Segments to Improve:
Run Total & Running 2: Przemyslaw's total running time and his performance in Running 2 are areas needing significant improvement. Incorporating interval training, with a mix of short, high-intensity sprints and longer, steady-state runs, can help improve both speed and endurance. Fartlek training, which blends continuous training with interval training, is highly recommended to enhance pacing strategy and endurance. Additionally, focusing on running form, such as maintaining a consistent stride length and optimizing foot strike, can lead to more efficient running and reduced fatigue.
Farmers Carry: The considerable time loss in the Farmers Carry suggests a need to bolster grip strength and overall endurance when carrying loads. Exercises such as dead hangs, wrist curls, and farmer's walk with progressively heavier weights can improve grip strength. Incorporating functional movements like deadlifts and squats into the training regime can also enhance core stability and leg strength, making the carry less taxing.
Burpees Broad Jump: A slower-than-average performance in Burpees Broad Jump indicates potential areas for improvement in explosive strength and coordination. Plyometric exercises, such as box jumps, squat jumps, and lunge jumps, can increase explosive power, while practicing burpees with an emphasis on form can enhance efficiency. Combining these exercises into circuit training can mimic the race's demands on the body, improving both strength and endurance in this segment.
Ski Erg: Being slightly slower in the Ski Erg segment suggests a need for better upper body endurance and technique refinement. Incorporating upper body endurance workouts, such as pull-ups, push-ups, and rowing machine intervals, can build the necessary stamina. Technique drills focusing on proper form and maximizing pull length can also make each stroke more effective.
Race Strategies:
Pacing Strategy: Given the variance in running performance, adopting a more conservative start to prevent early fatigue is advisable. Monitoring heart rate can help Przemyslaw maintain an even effort throughout the race, allowing for a strong finish instead of an early peak.

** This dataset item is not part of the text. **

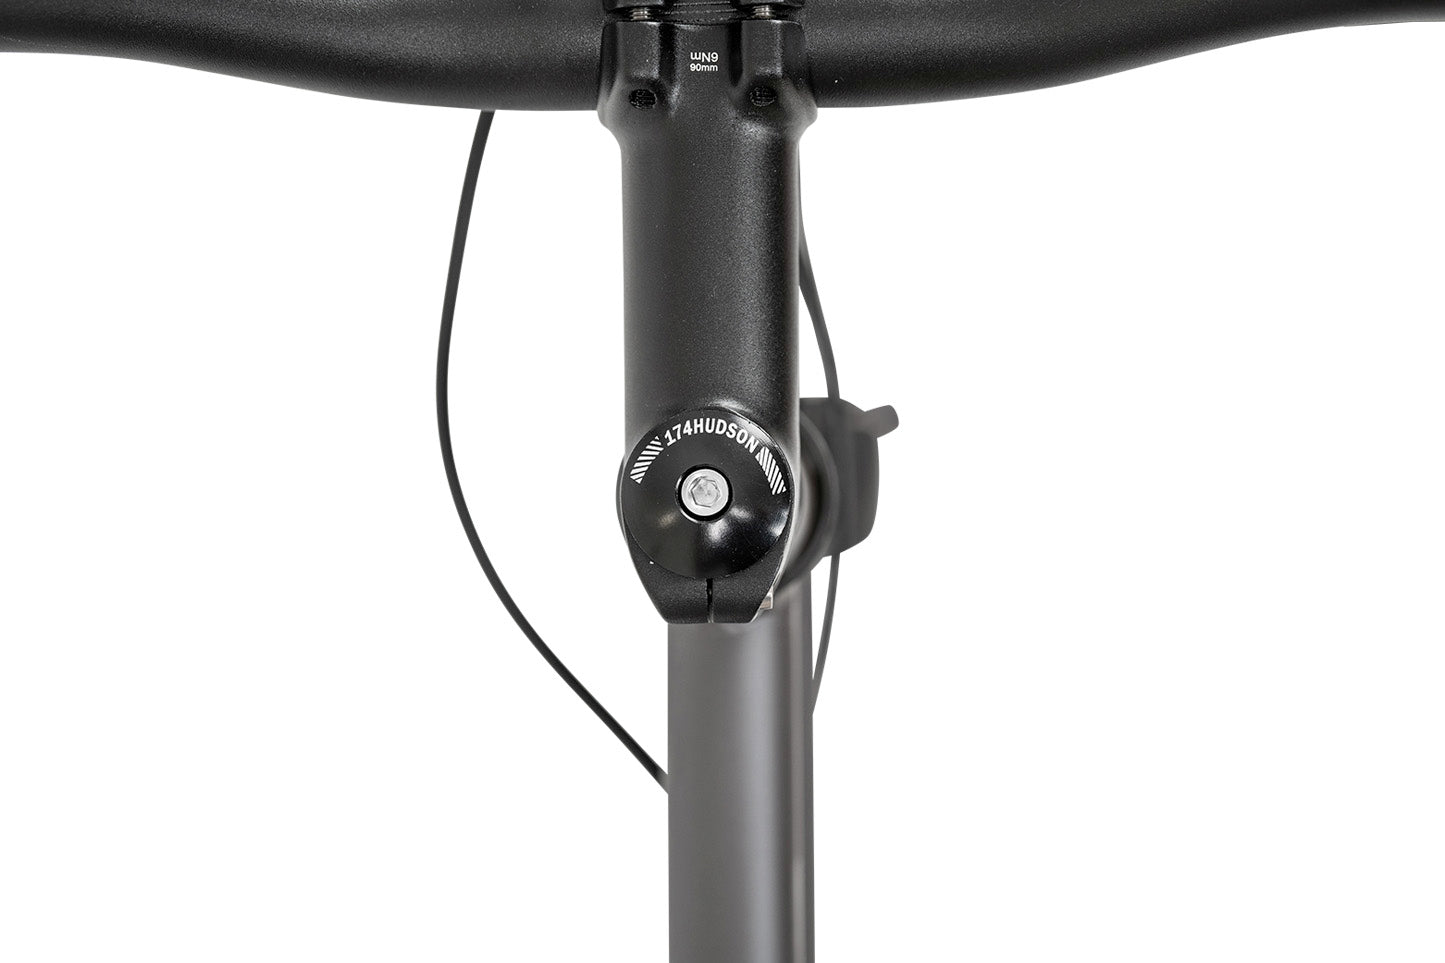 PRIORITY EIGHT – Priority Bicycles

Transition Efficiency: While already performing well in the roxzone, continuing to focus on minimizing time spent between exercises can compound advantages. Practicing quick transitions in training, including setting up equipment efficiently and visualizing the next movement, can shave off vital seconds.
Strength and Endurance Balance: Tailoring training to address weaknesses in running endurance while maintaining strength will be key. A balanced training program that does not neglect running for strength training or vice versa will ensure a more well-rounded performance in future races.
Mental Preparation: Hyrox races are as much a mental challenge as a physical one. Mental resilience training, including visualization techniques and stress management strategies, can prepare Przemyslaw to tackle the race's high-pressure moments more effectively.
By refining his approach to training, focusing on identified weaknesses, and implementing strategic race strategies, Przemyslaw Mendyk has the potential to significantly improve his performance in future Hyrox events.